Small-scale farmers (n2 = 184). Productive households with an average acreage of 4.4 ha and dedication of roughly 3.9 ha to potato production. Their yearly production of potatoes is around 74.7 tons. A third of them (33.1%) receive technical assistance, either directly or through farmer’s associations that can provide it, although most suggest that the access is relatively low (50.5%). In this section, most farmers have access to credit services (53.8%), but now one in four uses irrigation for their potato crops. The self-identification as indigenous or mestizo ethnic origin happens in about one in four cases, and poverty conditions are observed in about 24%.
Medium-scale farmers (n3= 32). Farmers with a total potato acreage of 12.7 ha within farms that roughly reach 14 ha in total size. With an average yearly production of 275.5 tons, these farmers report a higher rate of access to technical assistance (46.8%) than micro and small farmers, now with over 50% of the access being medium or high. In this segment of farmers, irrigation (34.3%) and access to credit (56.2%) are more common. Also, starting from this segment, the representation of self-identification with indigenous or mestizo ethnic origins now falls to 12.5%, showing a non-trivial inequality in capacities between non-ethnic and ethnic communities. Finally, poverty is only observed in around 15% of households.
Large-scale farmers (n4= 2). We are cautious and restrain from any in-depth interpretation of this category due to the constrained size, yet decide not to omit it; this follows that large scale farmers are “scarce” (in terms of the number of farmers) but significant in their relative share of the land. Our sample’s big-scale farmers have an average farm size of 31 ha, with their whole land dedicated to potato production. Their yearly average production is above 800 tons. We detect access to credit (one in two), which makes sense based on the size of their landholdings. These farmers keep a strict record of their production costs, which is understandable from the economy of scale. None of them are considered poor, and none self-identifies with an ethnic origin.
These identified farmer types make evident relevant asymmetries in conditions potato farmers face in Nariño. Thus, it would be naive to expect homogeneous technology packages to be easily transferred and adopted by a heterogeneous population. Assessing these differences is helpful to design better-targeted interventions, differentiate specific needs of specific transects of farmers, and increase the possibilities of adopting recommendations or technologies and their related overall impacts. These first results lead to building a measure of technical efficiency and comparing how each farmer type varies.
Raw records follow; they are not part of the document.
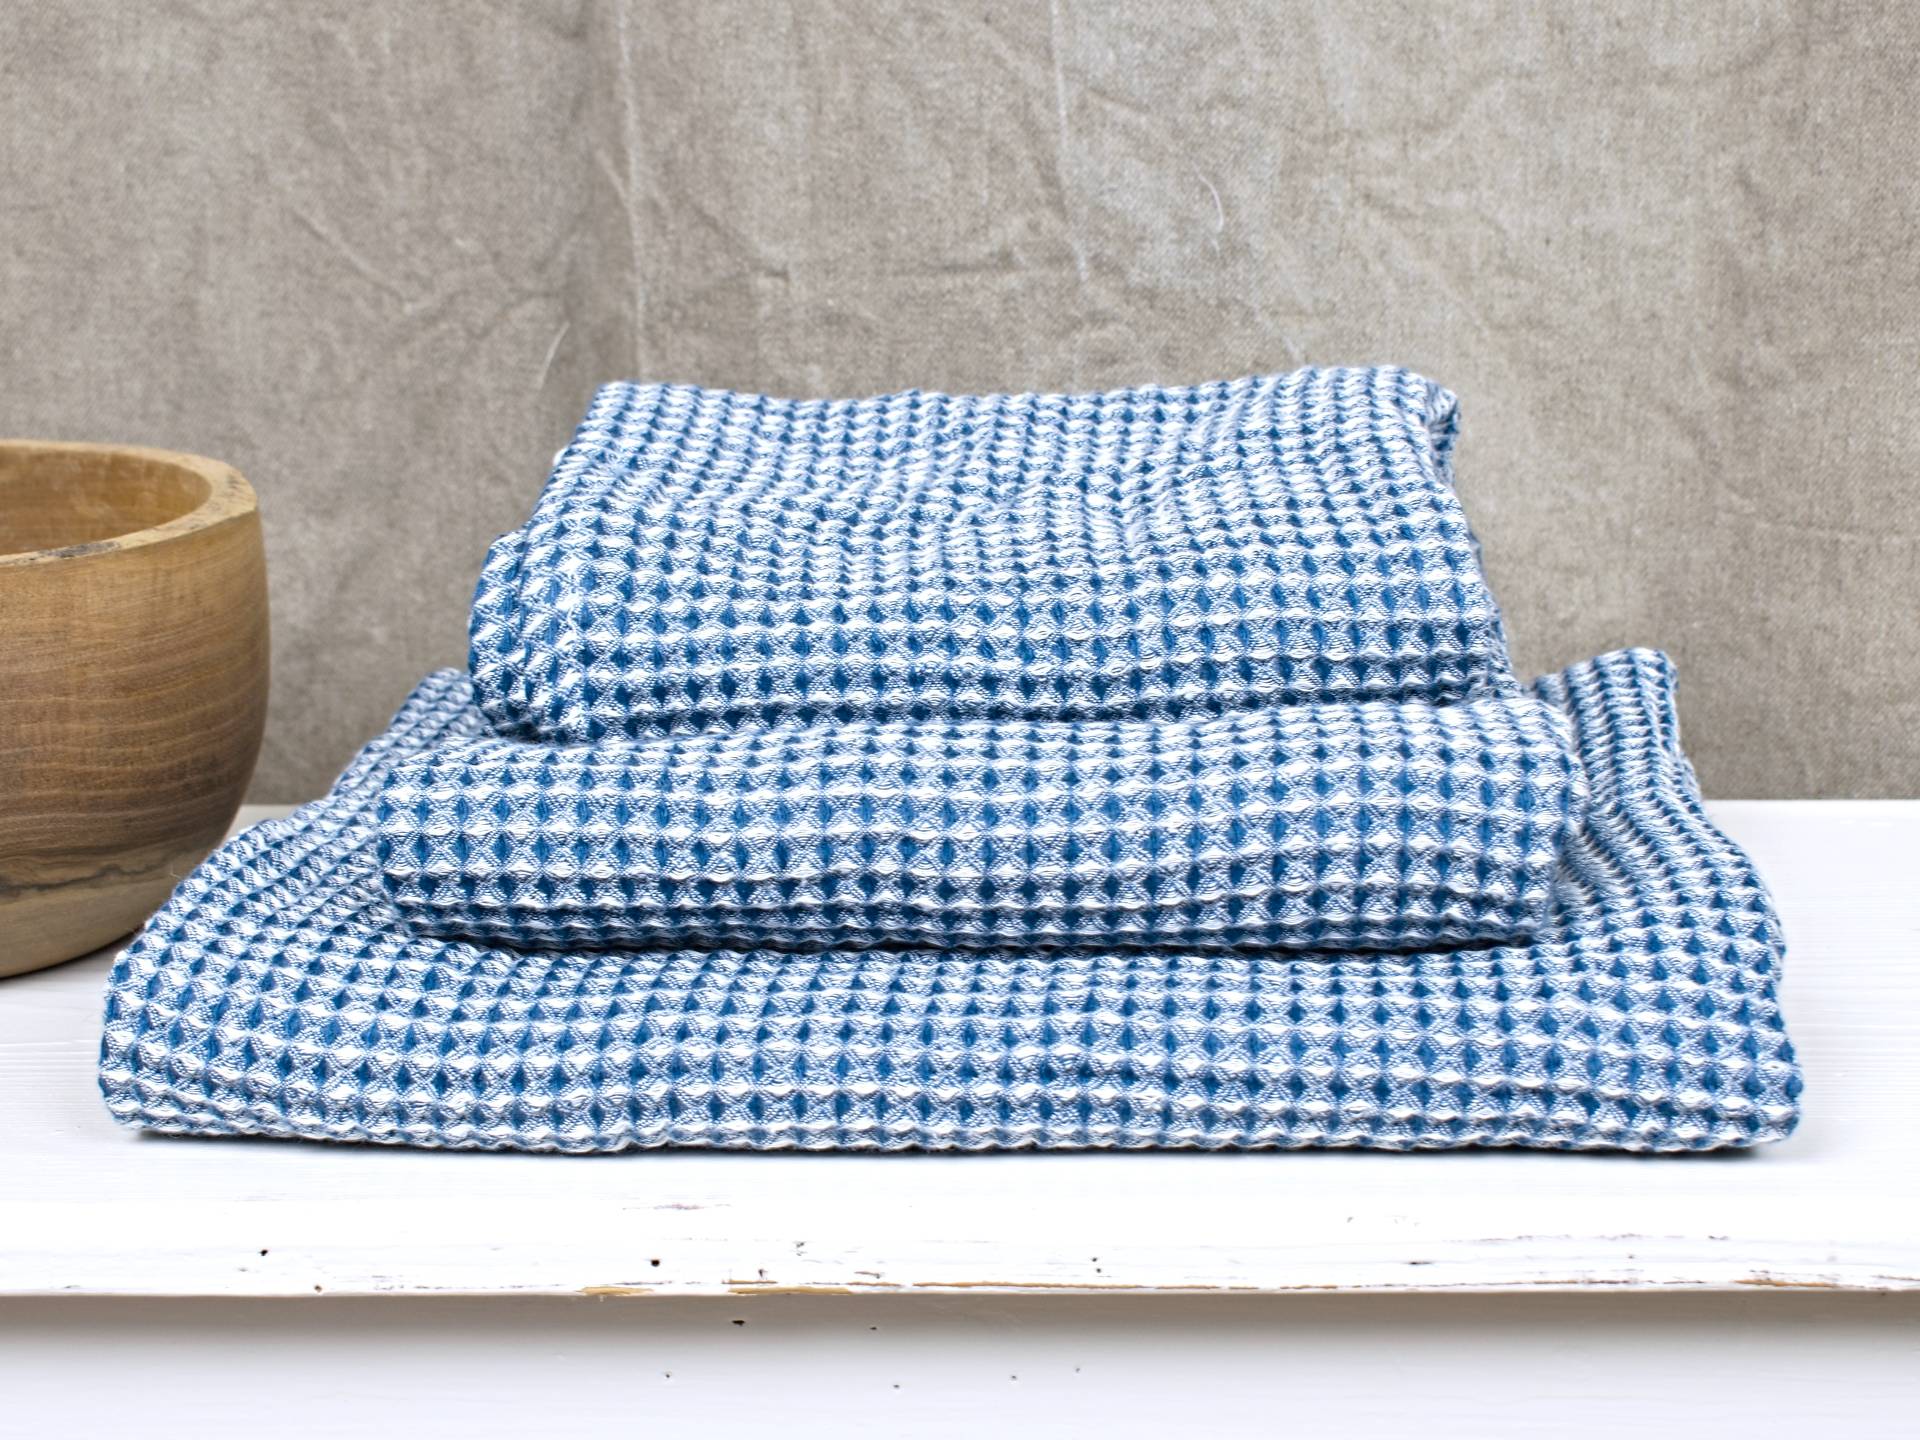 Lněný ručník vaflový modrý 75 x 135 cm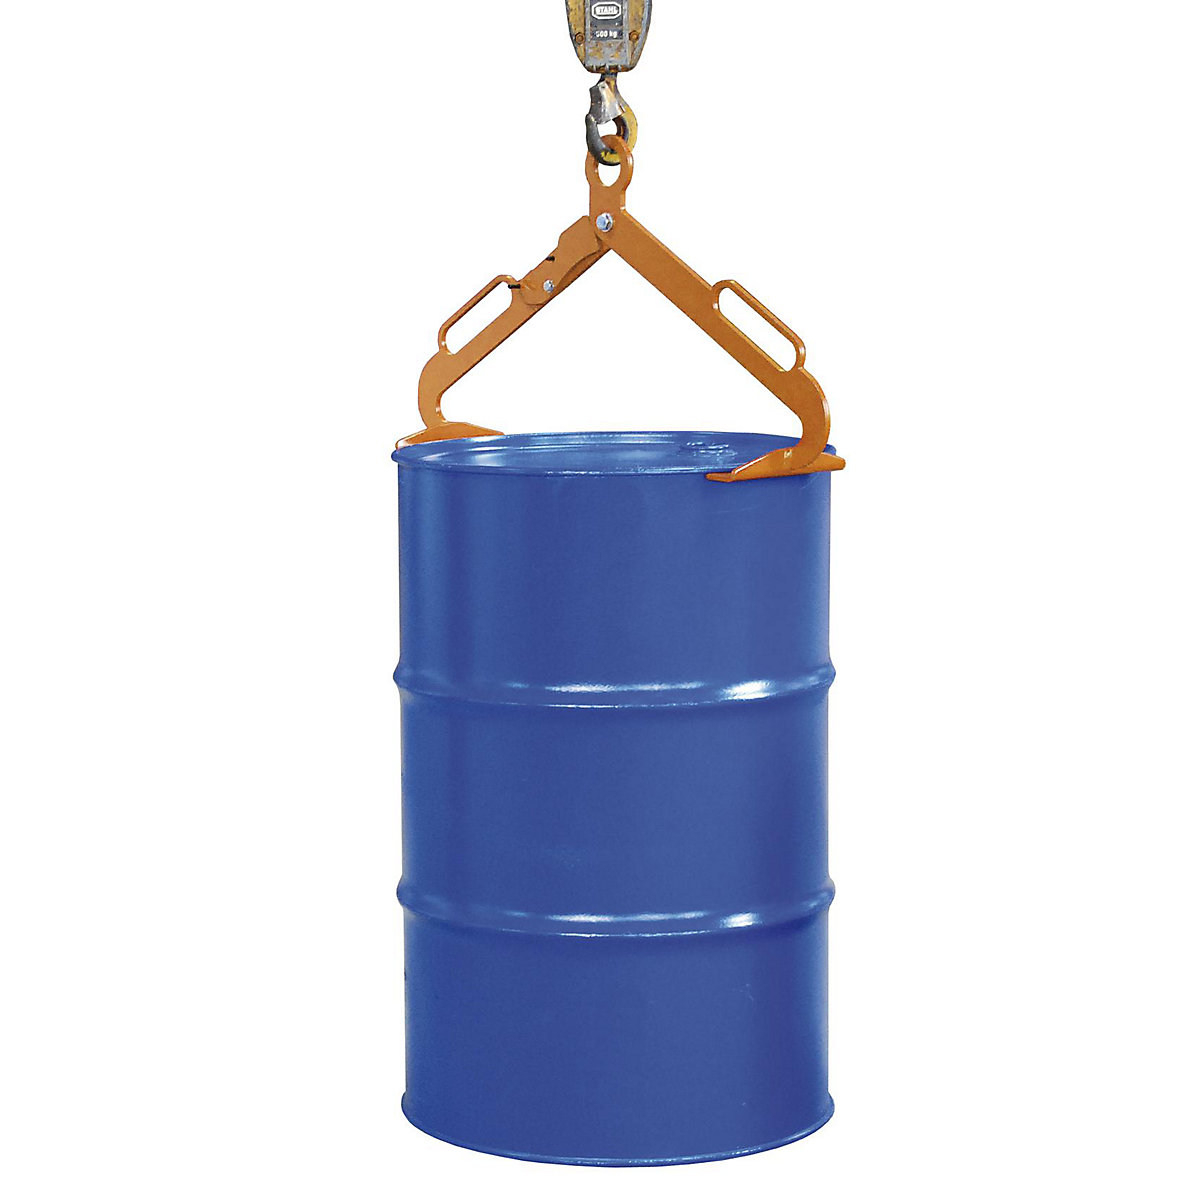 Drum tong – eurokraft pro, for upright 200 l drums, orange-1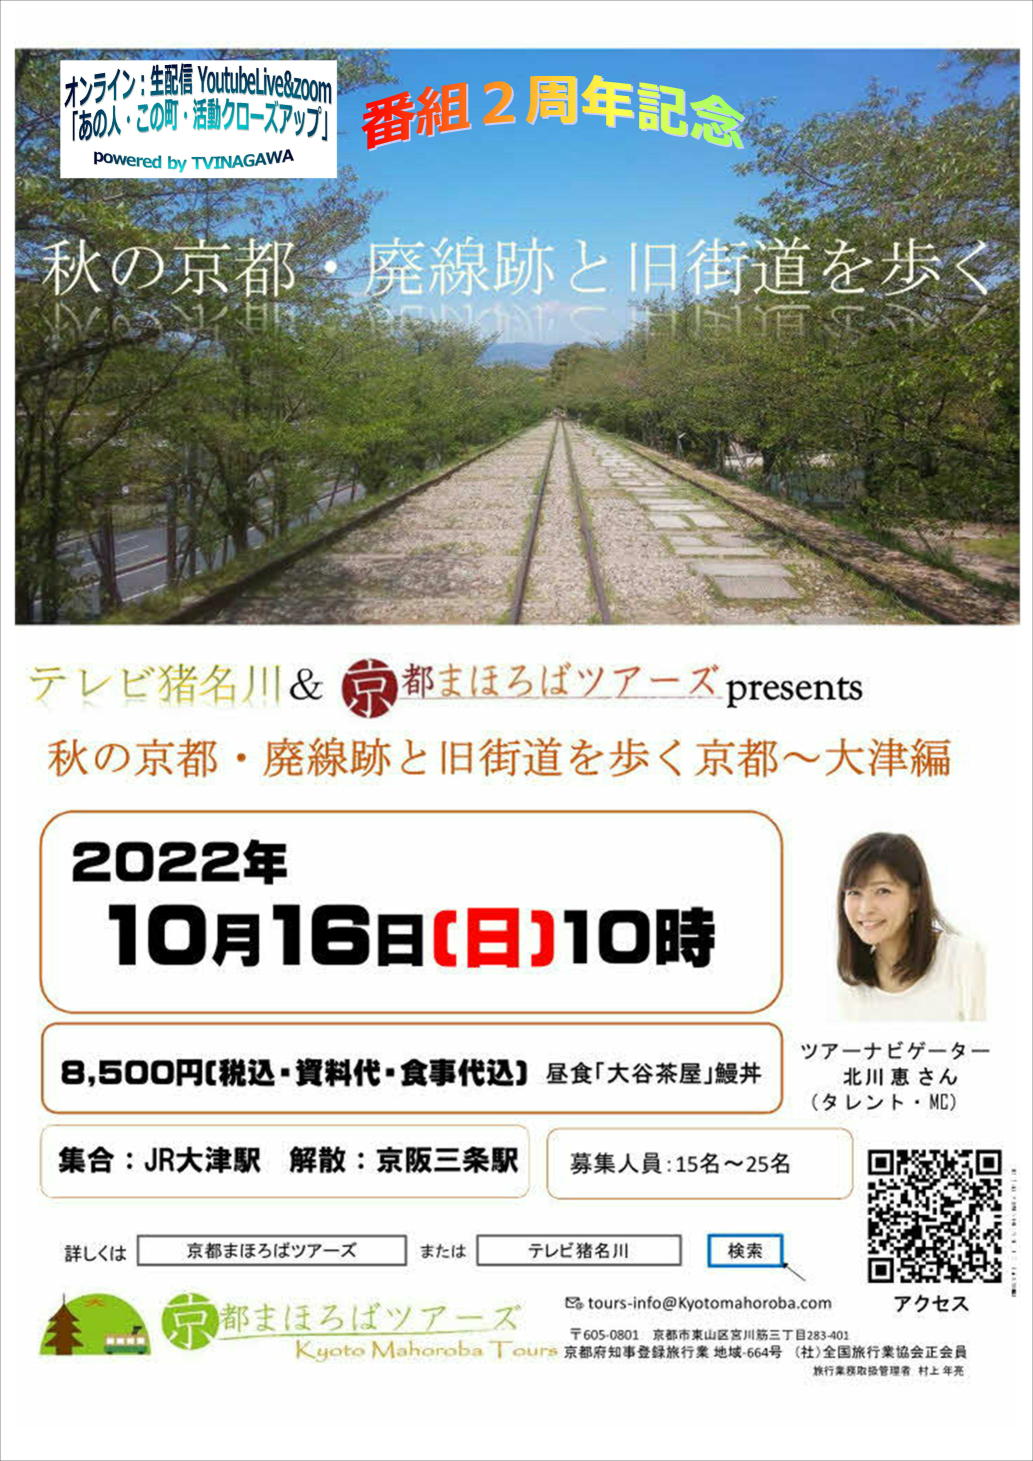 新到着 近鉄 大和八木駅 ご当地入場券 2022年3月31日終了 近畿日本鉄道

Tables 6 and 7 summarize the descriptive statistics of the variables at the plot level used in the stochastic frontier regression model for the subsample of 773 households previously categorized in the cluster analysis.
The average plot has about 1.6 ha and is established with over 2.3 tons of seeds. Only 8.5% of the plots revealed soil analysis to help make informed input use decisions, and roughly 5% of the seeds are certified. Different kinds of fertilizer use could be reported, so these do not add to unity. Nearly all plots (over 98%) received chemical soil fertilization, roughly four out of five made use of foliar fertilization, and just below 40% received some form of organic fertilizers. A large share of the plots made use of chemical herbicides (75.9%), as also happens with the use of lime products (69.6%) to reduce the acidity of the soil in its preparation, while the intensity of preventive treatments is relatively high (87.6% make over ten applications yearly). Unlike the farm level, data analyzed at the plot level reveals that roughly 16.3% have an established irrigation system for potato production. While the most significant proportion of the workforce used for soil preparation is purely manual (44.5%), a significant part of used labor was improved manual labor (semi-mechanization or animal traction) and mechanic means, with proportions of 27.4% and 26.5%, respectively. In addition, most farmers set their plot’s grooves either with the slope (43.4%) or decidedly against the slope (40.9%) of the terrain.
Previous testing (not reported here) suggests no significant relation between potato productivity and the use of specific varieties within our sample. However, this is usually an essential factor in producing any crop. Specific varieties, either improved or with better genetic attributes, may reduce the output variance (i.e., reduced uncertainty). Therefore, the main variety used in the plot (Table 8), as reported by the farmer, is included as a determinant of the inefficiency measure variance. The main four varieties—whose local names are Capiro, Suprema, Única, and Criolla—are identified in 82% of the plots, so if specific effects of other varieties are detected, it could be the case of a point inflated (deflected) variance due to outlier data.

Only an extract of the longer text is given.